- Directed by: Max Varnel
- Written by: Brian Clemens; Eldon Howard;
- Produced by: Edward J. Danziger; Harry Lee Danziger;
- Starring: Margaretta Scott; Francis Matthews; Kay Callard;
- Cinematography: James Wilson (as Jimmy Wilson)
- Edited by: Maurice Rootes
- Music by: Edwin Astley; Albert Elms; Leon Young;
- Production company: Danziger Productions
- Distributed by: United Artists Corporation (UK)
- Release date: August 1958 (UK);
- Running time: 68 minutes
- Country: United Kingdom
- Language: English

= A Woman Possessed =

1958 British film by Max Varnel

A Woman Possessed is a low budget 1958 British second feature ('B') drama film directed by Max Varnel and starring Margaretta Scott, Francis Matthews, and Kay Callard. It was written by Brian Clemens and Eldon Howard and produced by The Danzigers.

==Plot==
John Winthrop, an English doctor, returns from a trip to America with his new fiancee, Ann. He is met with disapproval from his wealthy, domineering mother, Katherine, who is vocal in her dislike of Ann. On discovering Ann has a heart condition, Katherine insists the couple move in with her.
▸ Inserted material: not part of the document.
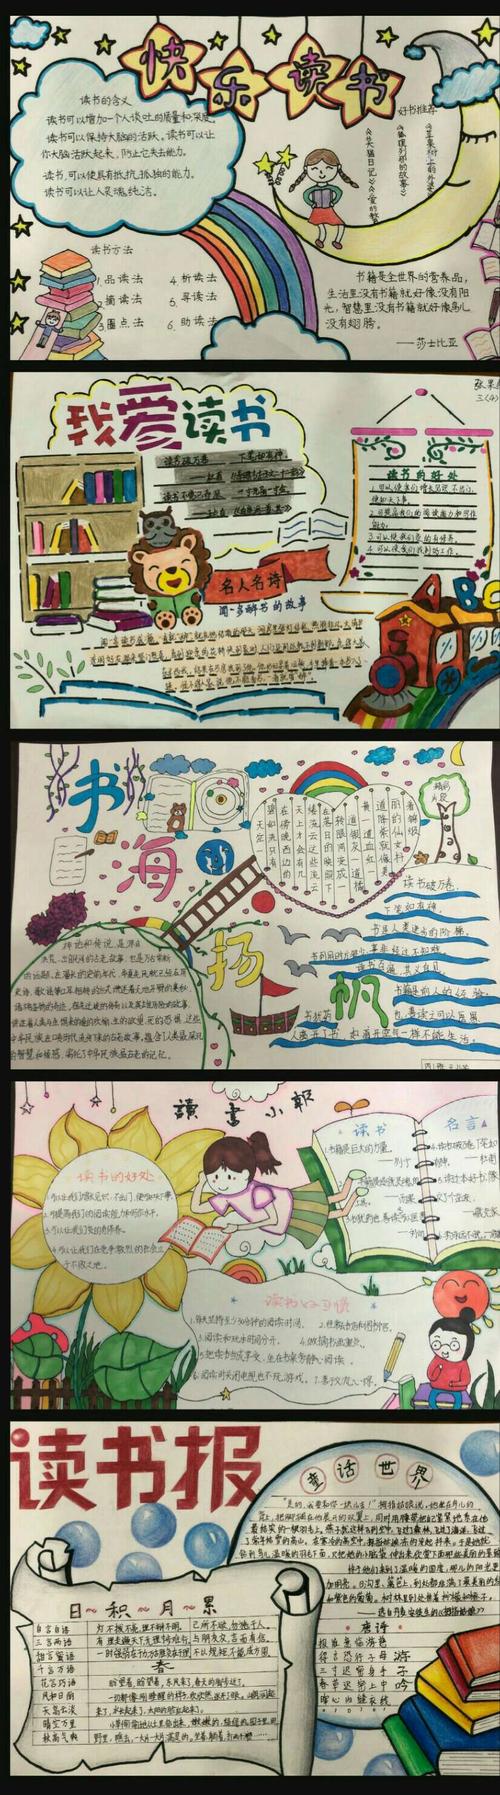 抒发读书感受 孩子们用画笔亲手制作了一幅幅精美的手抄报
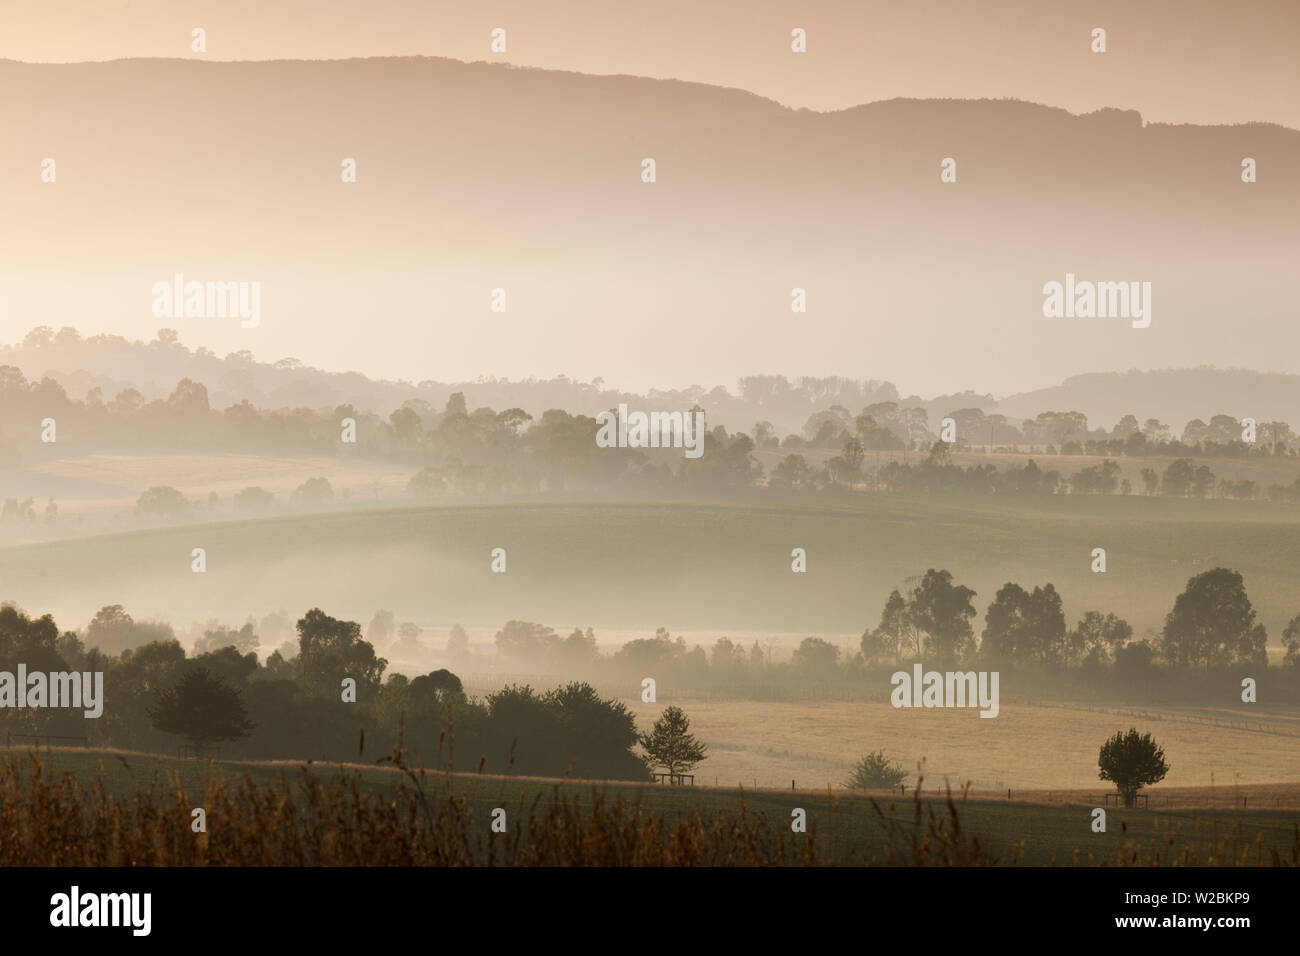 Australia, Victoria, VIC, Yarra Valley, landscape, dawn Stock Photo

One day the mother accidentally gives her daughter-in-law the wrong medication and Ann nearly dies. The doctor saves his wife, but then accuses his mother of attempted murder. In the end, it turns out Emma the maid was responsible for accidentally switching the pills, and with the crisis over, mother, son and daughter-in-law realise they must settle the differences between them.

==Cast==
- Margaretta Scott as Katherine Winthrop
- Francis Matthews as John Winthrop
- Kay Callard as Ann
- Alison Leggatt as Emma
- Ian Fleming as Walter
- Jan Holden as Mary
- Tony Thawnton as Calvin
- Denis Shaw as Bishop
- Totti Truman Taylor as Miss Frobisher
- Edith Savile as Lady Harriett

==Critical reception==
The Monthly Film Bulletin wrote: "Within its modest limits this film is crisply directed, well acted by the three main players, and intelligently presented. The family tensions and conflicts of loyalty are effectively suggested and the casebook situation is made to reveal character with some skill. The switch of blame from Katherine to Emma jars, however, and the optimistic ending shirks the implications of the story."

In British Sound Films: The Studio Years 1928–1959 David Quinlan rated the film as "average", writing: "Well-acted, but not-too-interesting drama."

TV Guide comments that "despite some good performances from the cast, this isn't a very engaging drama."